▼

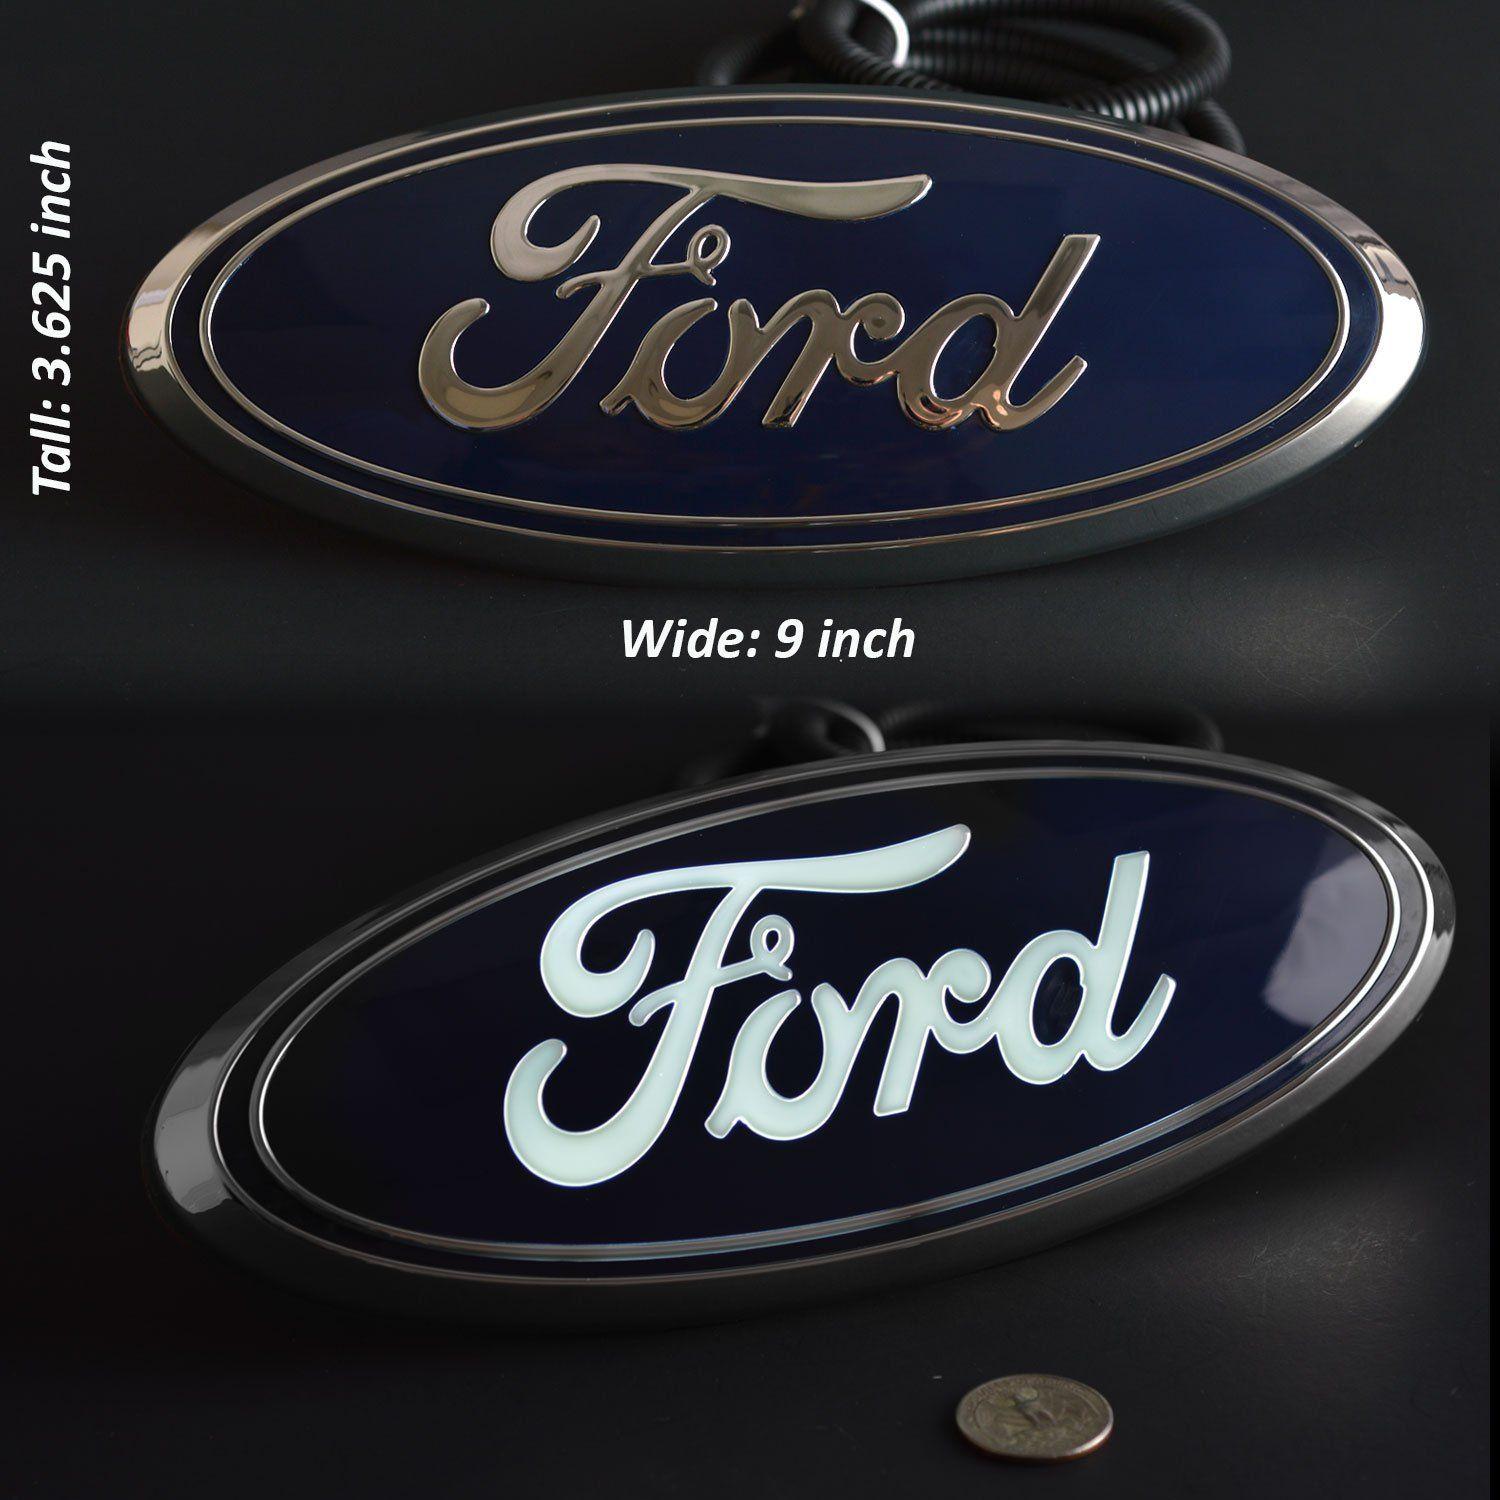 2014 Ford Logo - Ford Lighted Grill Emblem Blue 9” 2016 2018 Explorer 2004 2014 F150
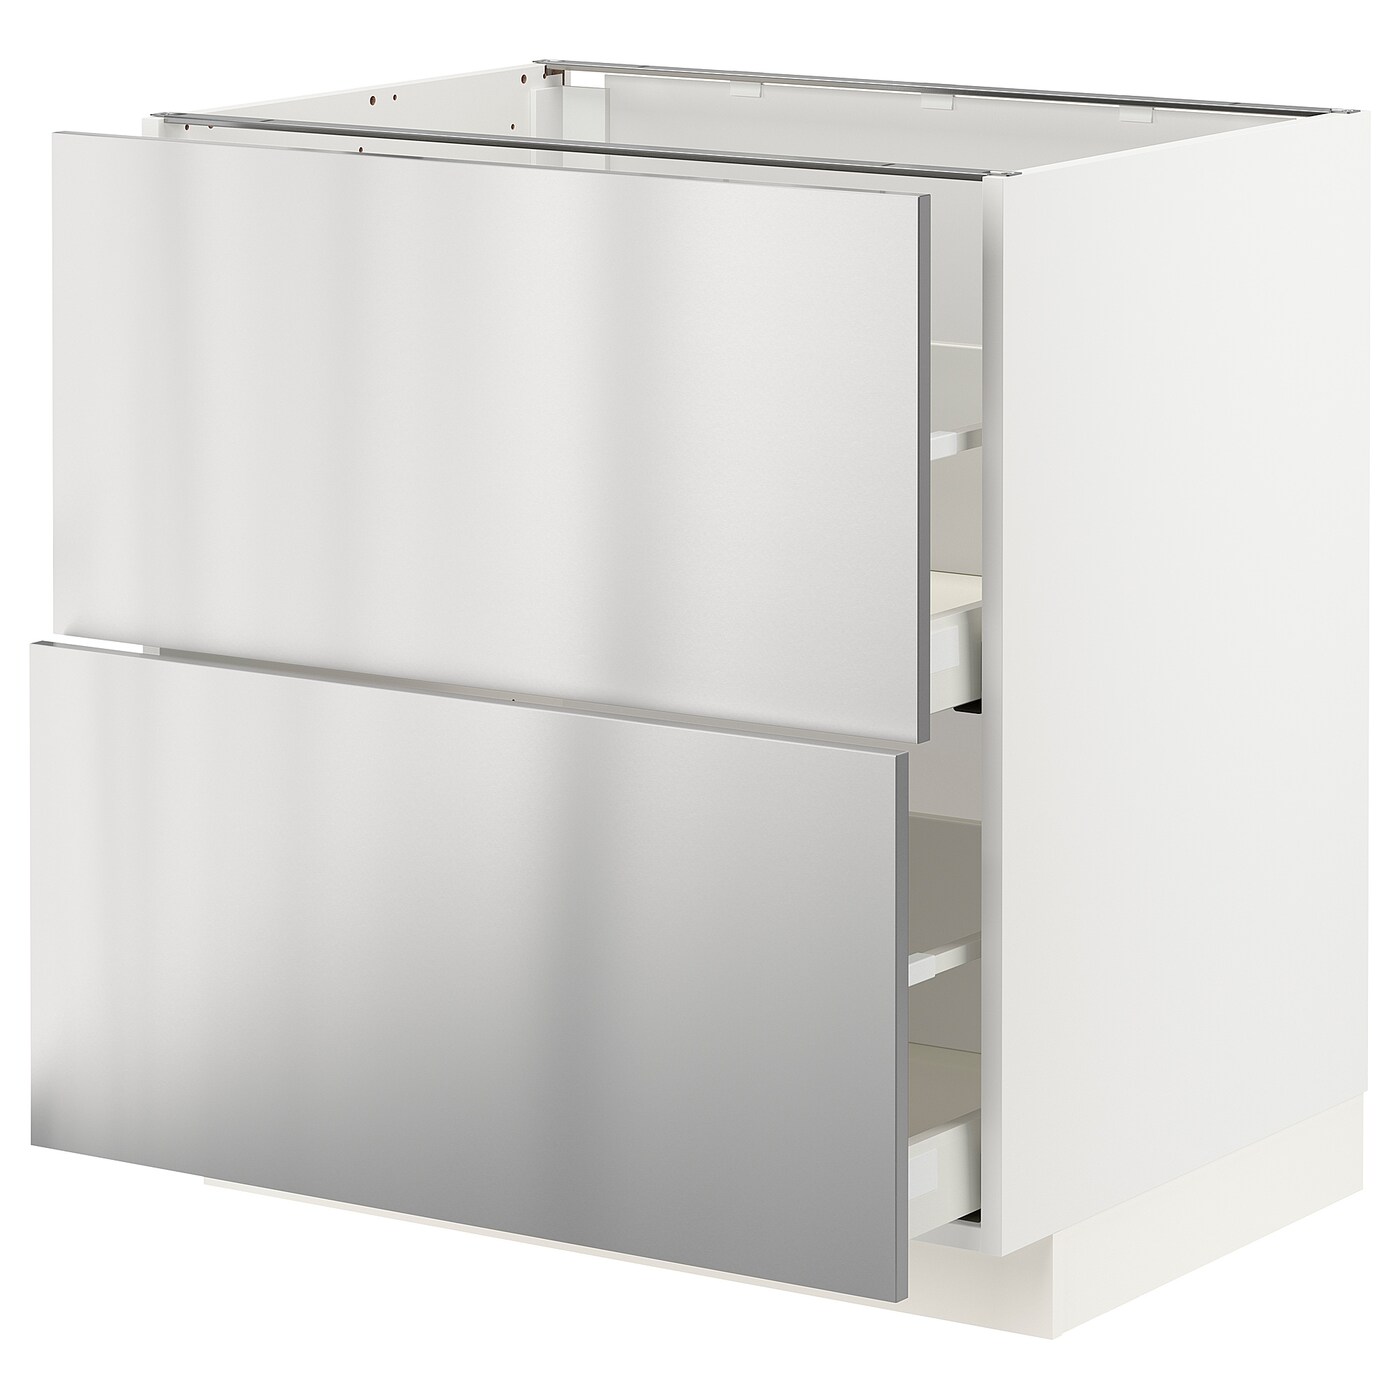 Напольный кухонный шкаф  - IKEA METOD MAXIMERA, 80x61,6x80см, белый/светло-серый, МЕТОД МАКСИМЕРА ИКЕА
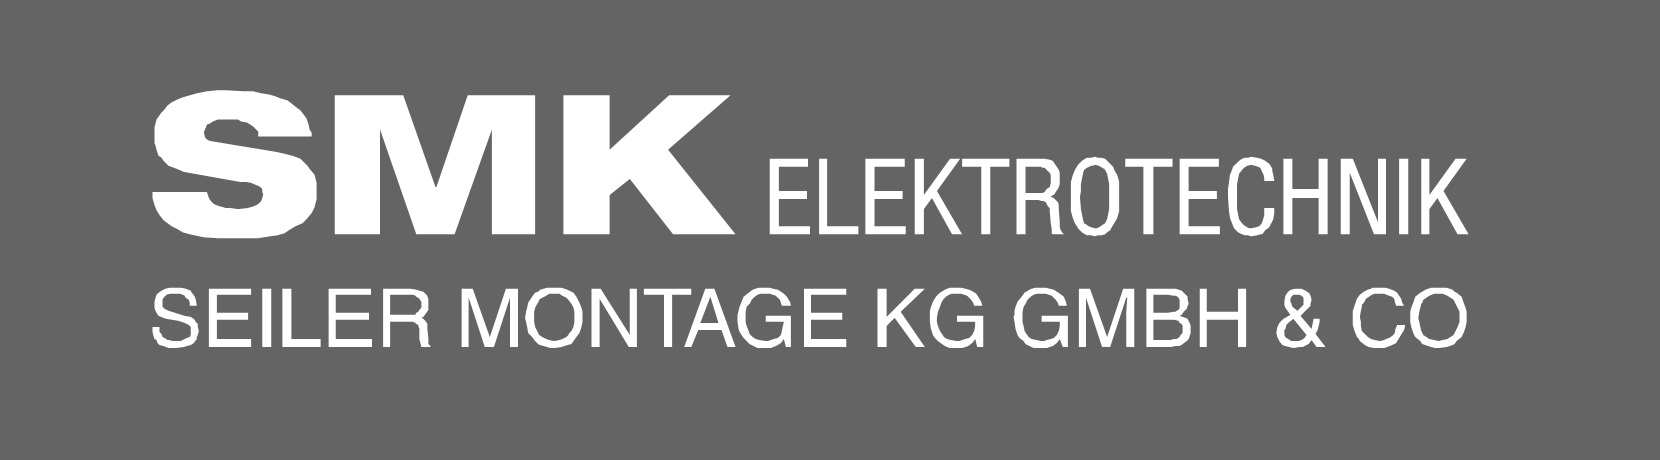 Seiler Montage KG GmbH & Co.
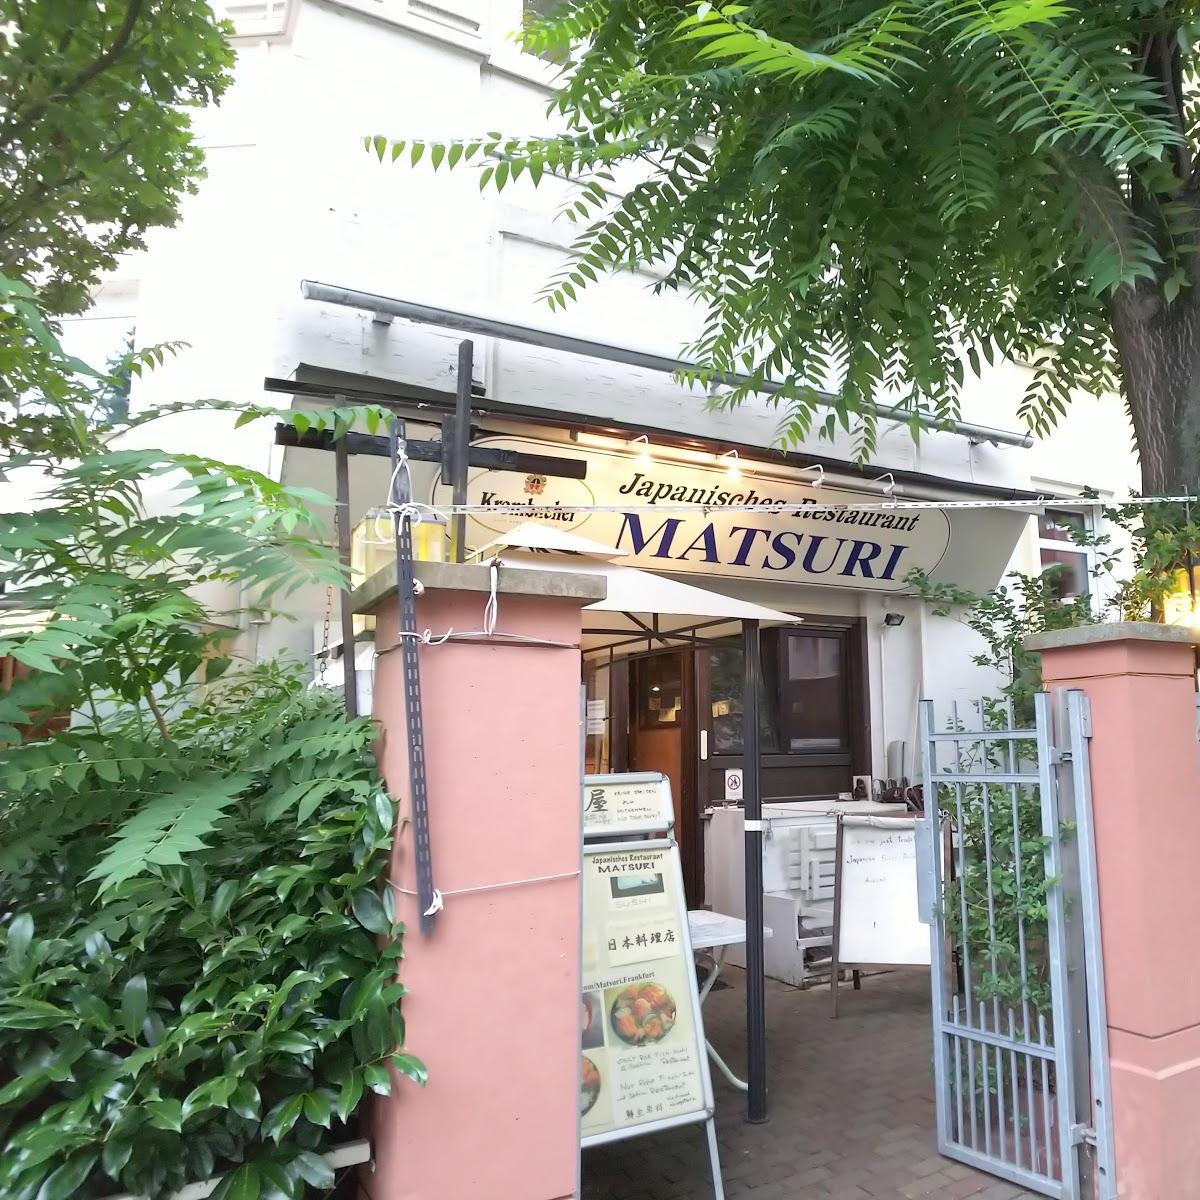 Restaurant "Matsuri Restaurant" in Frankfurt am Main

▲

## YOUR TASK
Up to and including the last line of the listing, starting at the line with "Seiler Montage KG GmbH & Co.", extract every line exactly and leave out the pictures.

## ANSWER TO THE EXERCISE
 Seiler Montage KG GmbH & Co.
 Restaurant "Matsuri Restaurant" in Frankfurt am Main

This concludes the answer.